Unable to change the big things in life (like daily global financial meltdowns, climate change and SA’s rackety race-based politics) smart people are turning increasingly to minutia. Which salt to sprinkle on your polenta is the latest challenge to exercise SA’s disempowered and discombobulated elites.
Charismatic chef Craig Cormack from Sophia’s at Morgenster (Sophia as in Loren and not The Golden Girls, as perennial joker gorgeous Greg Landman reminded us) is certainly worth his salt – he cooks with a couple of dozen selected from a larder of 150 possibilities.

Craig Cormack - Mr. Salt
The news in today’s Sunday Independent that an eco rally in Oxford will feature cars running on wine, cheese and sewage points the way forward for Stellenbosch as renewable energy capital for SA. It sounds like the perpetual motion machine that sages and physicists have long been looking for. Visit the Stellenbosch Wine Festival, eat and drink your fill and then visit the portaloos to fill up the tank for the trip back to Pinelands, driven by Goodfellas, of course. No need for fracking in the Karoo while there’s poo in Paarl flushed down the drain.

Future wheels for WOSA?
As SA wine marketers return home after a week in the flesh pots of London at the Wine Trade Fair, they face the reality of ten million litres of exports lost in the first quarter of 2011 thanks to a perfect storm of tired marketing directed at all the wrong places and an emerging currency on steroids. Joining BRICS didn’t help as the Rand rocketed. But things would be far worse if the flip-side of the exchange rate coin – cheap imports – were more of a factor in SA supermarkets. As I noted in the Sunday Times on Sunday.
A friend of mine was offered a column on Tyler Brûlé’s organ Monocle but turned it down after hearing the pay. A bad mistake I thought until I browsed the March edition. Colonel Gaddafi is upgraded to General and we’re told that “sales to China of Argentine wines costing more than €160 a bottle” are up 233.6%.
The Swartland Winery gave Dutch wine importer, Groupe LFE (SA), a lekker snotklap recently via a decision handed down by five SA appeal court judges. Groupe LFE claimed they were using the word “Swartland” as a geographic indicator on the neck of their bottles but M’Luds disagreed and said they were using it as a trademark.

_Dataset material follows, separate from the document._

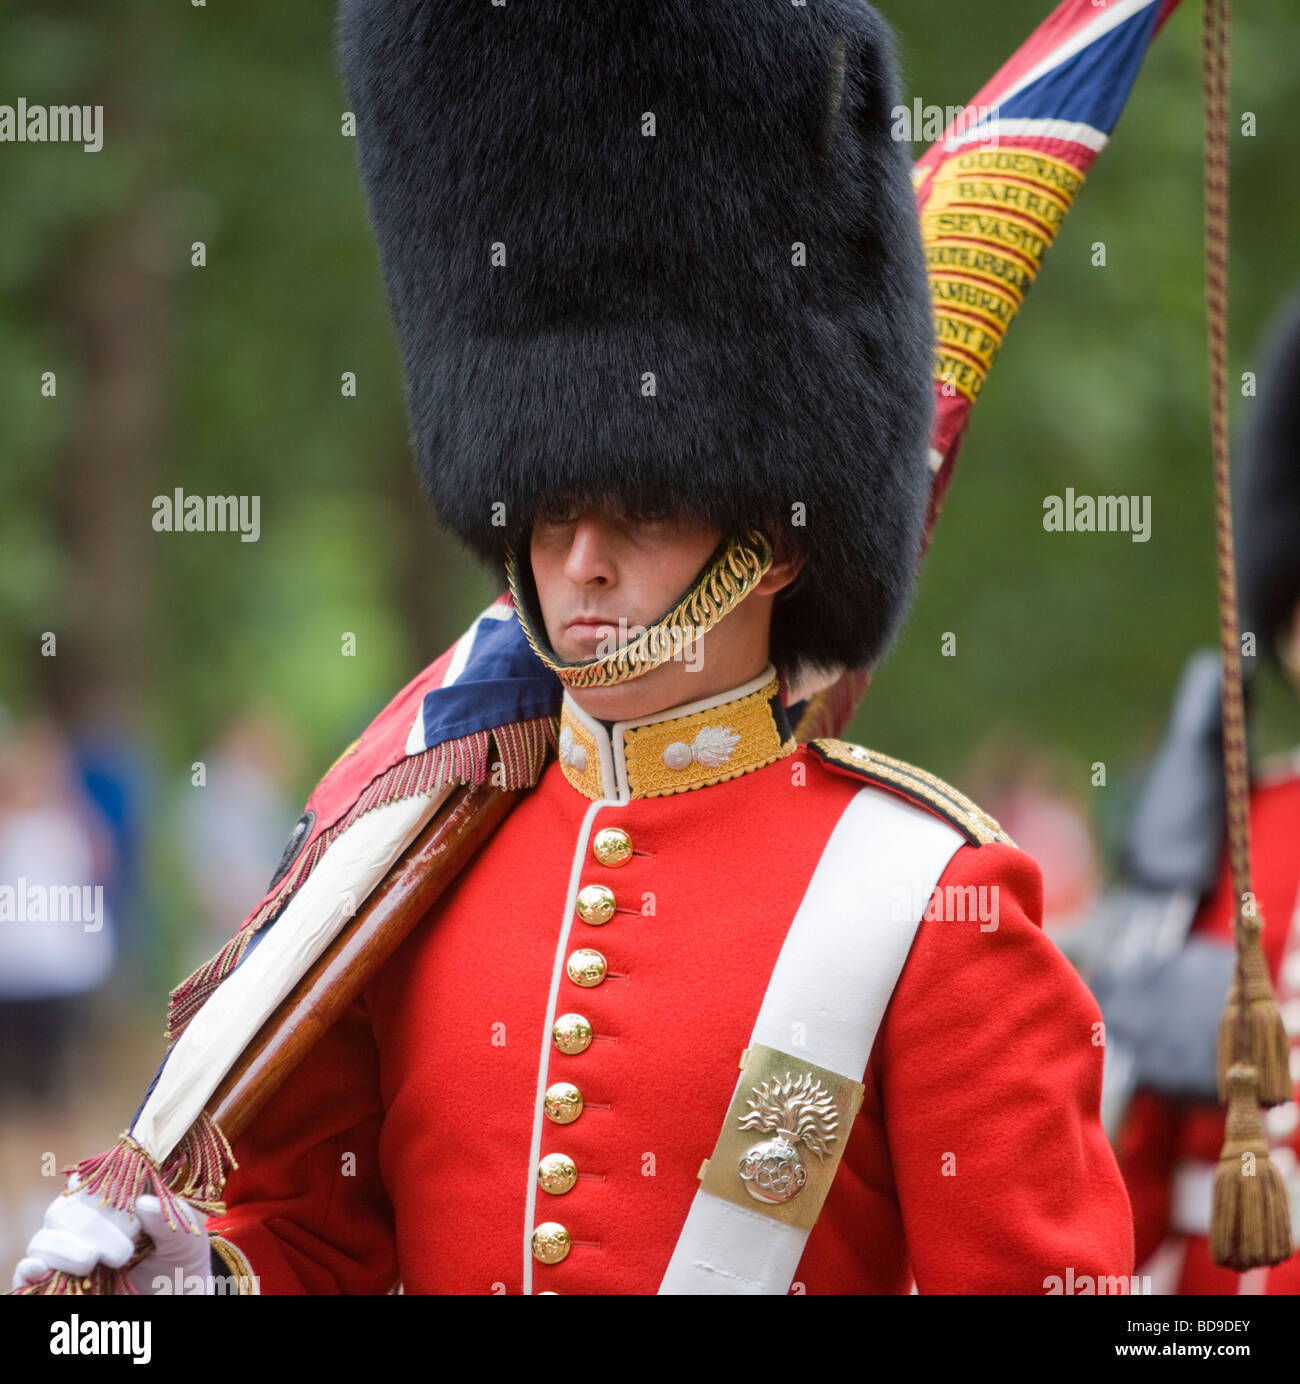 A Ensign from the Grenadier Guards leaves after Changing the Guard, Buckingham Palace, London, Great Britain Stock Photo

Launch of the Swartland Independent in January
Cost: R80;
From: Uitkyk Estate, Simonsberg 27 (0)21 884 4416;
Why: Pascal Chattonet, one of those French experts imported from Bordeaux to explain terroir to naïve locals, insists that Uitkyk has the best terroir of any farm he’s seen in the Cape. For starters, it is located above Kanonkop and when it comes to wine, higher is better. It shares the same soils and same vineyard aspects. The only thing lacking are the venerable Pinotage vines that produce the fabled Black Madonna of the Simonsberg, a wine worshiped as an icon by superstitious peasants with deep pockets as a bottle will set you back over R1000. Miraculous stuff indeed.

Uitkyk from Kanonkop
I had even more to say about the mysterious murder of honeymooning bride Anni Dewani in the Sunday Times yesterday. Chas Withington, the Darling negoçiant who sources wine for Mzoli’s reports “I was there on the Wednesday after the incident and the locals were not happy to be unfairly tarred. They smelt a rat and seemingly there was one.”
Cost: R300 for a magnum;
From: Vriesenhof farm (website directions: beyond an oak tree growing in the middle of a tar road on the Helderberg) 27 (0)21 880 0284;
Why: The first time I met Jan ‘Boland’ Coetzee on Vriesenhof, I was early and Jan was swimming nude in the pool next to his house. The second time, he was in the cellar, carrying the bloody heads of a brace of springbok by their horns, one head in each hand. The third time, like Bob Dylan, he was not there. His place was taken by Nicky Claasens who was clothed, sans koppe with no obvious pools of blood evident. Nicky looks like a Helderberg Harry Potter, so I minded my manners in case Jan was hiding in a corner under an invisibility cloak.

Old Nick
Cost: R70;
From: Thelema Mountain Vineyards, Helshoogte Pass, Stellenbosch 27 (0)21 885 1924;
Why: “The wrong Sauvignon Blancs are getting accolades” was the threnody at Thelema when the Good Value Guru and I swooped down to taste like a pair of louche lammergeyers in September. “Those extracted, phenolic dusty jobs just don’t make sense” wailed Gyles Webb to a circle of mourners gathered in the tasting room. And he’s not wrong as a Constantia winemaker vouchsafed recently over a glass of his 2009 Sauvignon “search me why this wine is rated five stars.” And when you taste his 2010, you can’t disagree.
Of course Step I in trousering five stars is to first get nominated sighted, which a man who speaks his mind (like Gyles) conspicuously failed to do this year in a major tragedy for SA wine as Thelema is not only Top of the Simonsberg but also Top of the Quality Pops as anyone with even the most meager of taste buds, will agree.